We recently sent out a note on US rates. It’s here. In it, we identified the 3% area as neutral for the Fed funds rate. We back this up from previous analysis from the noughties. And that's here. During that decade, US inflation averaged c.2%-2.5%, a rate the Federal Reserve finds acceptable. And over the same time period, the funds rate averaged 3%. The same exercise based on the noughties finds the average 10-year Treasury yield was 4.5%. That translates to around 4% for the 10-year SOFR, and a fair value 100bp curve between the funds rate and the 10-year SOFR.

Based on that, we can see that the current funds rate is high – it's well above the neutrality area of around 3%. The Fed is about to cut, with 3% the ultimate target. But what about the 10-year SOFR rate? It's at 3.4%. That's some 60bp below its neutral area of around 4%. There is no great mystery as to why it's below 4%. The Fed is about to embark on a significant rate-cutting exercise, and history shows that the 10-year rate tends to fall in anticipation - and on delivery of cuts. Hence, 10-year SOFR should still have some room to move lower.

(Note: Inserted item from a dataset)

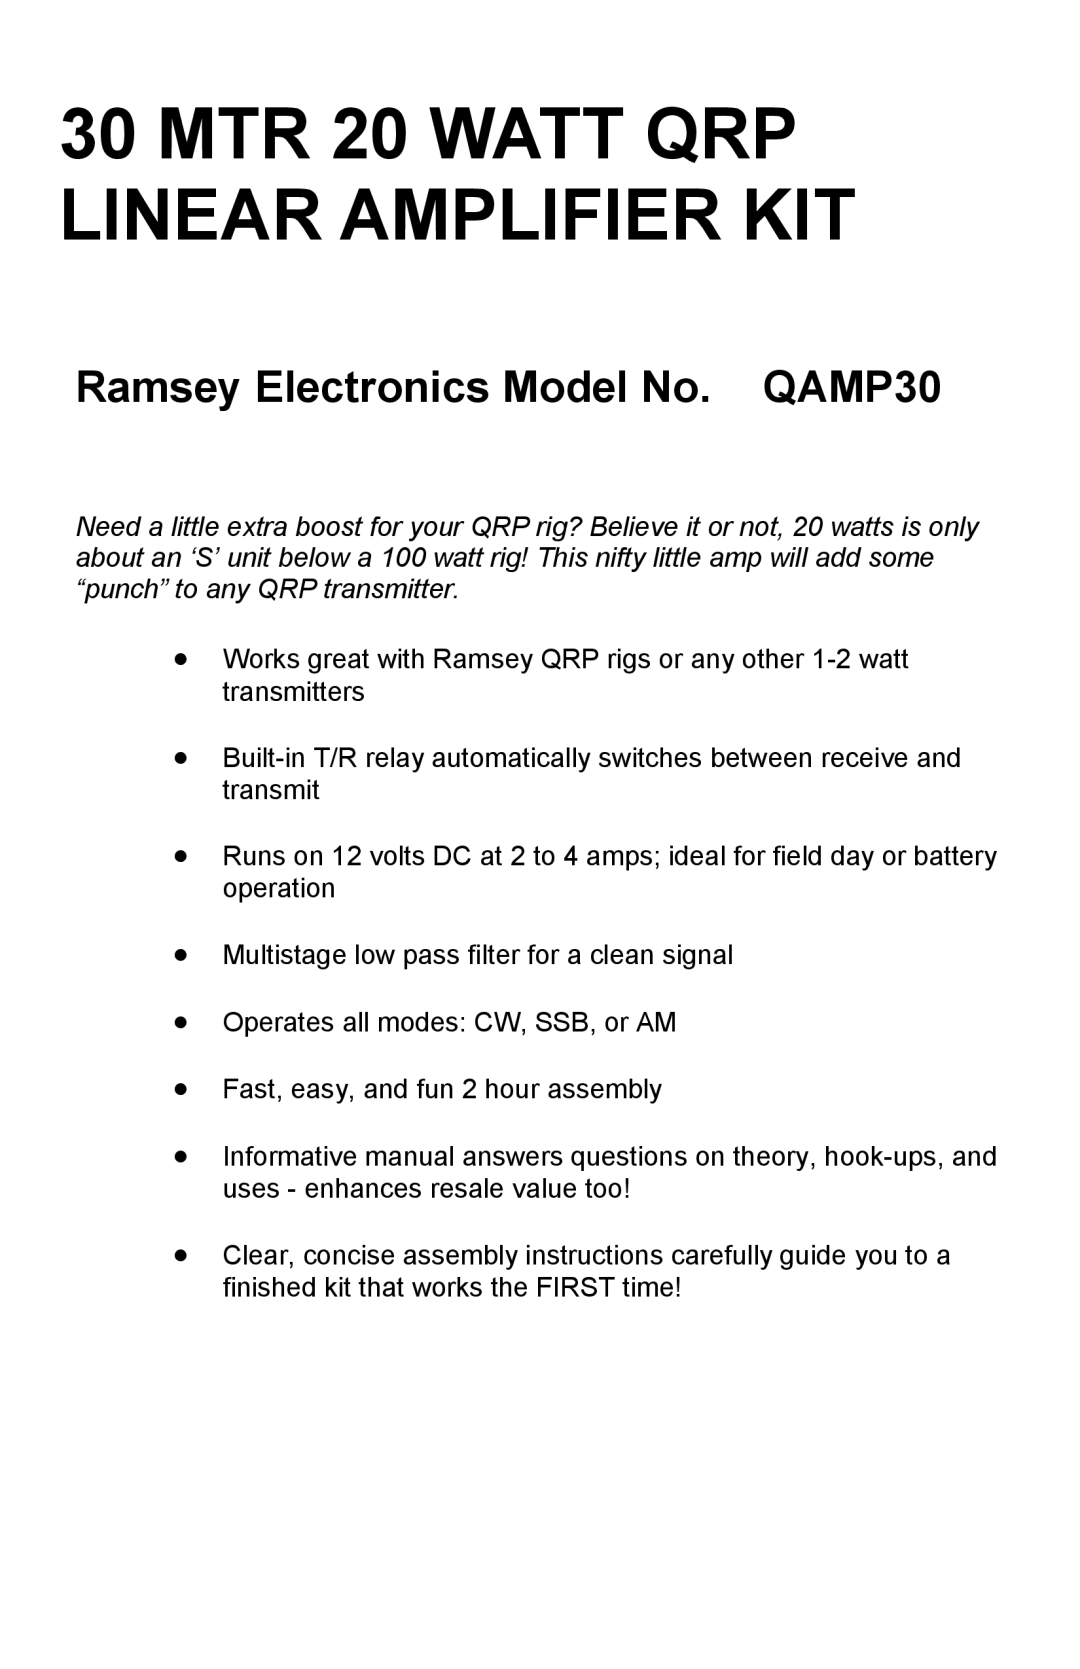 Ramsey Electronics manual MTR 20 WATT QRP LINEAR AMPLIFIER KIT, Ramsey Electronics Model No. QAMP30

That rate could get down to 3%, a 40bp fall from here. That’s the one to three-month target. But getting to 3% would also be an extreme valuation to the downside. We find a 100bp curve from the funds rate to the 10-year yield to be a fair value one. If the funds rate gets pitched at 3%, then 4% is the level we should be thinking about for 10-year SOFR. That’s the target on a three- to nine-month view.

The forward profile for ESTR rates shows a structural 2-2.5% tendency from six months out

Source: ING estimates, Macrobond
Source: ING estimates, Macrobond

Eurozone 10-year Euribor to approach 2%, but then backs up towards 3%

Now, what does all of this mean for eurozone rates? In fact, it is something very similar, just with fewer extremes. The forward profile for ESTR is, in fact, very similar to that for SOFR. The entire ESTR curve gets dumped down to the 2% to 2.5% area in the six-month forward space and stays there right out to the four-year forward space. We’d overlay this by asserting that there is a greater probability for the 10-year ESTR rate to claw its way back up towards 3%, especially with 10-year SOFR hitting 4%.

The big adjustment on the ESTR curve in the coming six to twelve months is down on the front end to the 2% area (or slightly above), from 3.5% for one-month ESTR. Out the curve, five-year ESTR also falls to slightly above 2% in the six-month forward space, while 10-year ESTR essentially holds at 2.3%. That results in only a moderately upward-sloping curve in the six to twelve-month forward space. We’re OK with this on a one to three-month outlook. But on a three to twelve-month outlook, we’d expect longer rates to be higher. Euribor, of course, trends with ESTR, with a steady c.10bp spread.

If you're interested in an update on the global spreads environment for all tenors - it's here. We expect most spreads to narrow as the Federal Reserve cuts by more than most central banks in the months and quarters ahead.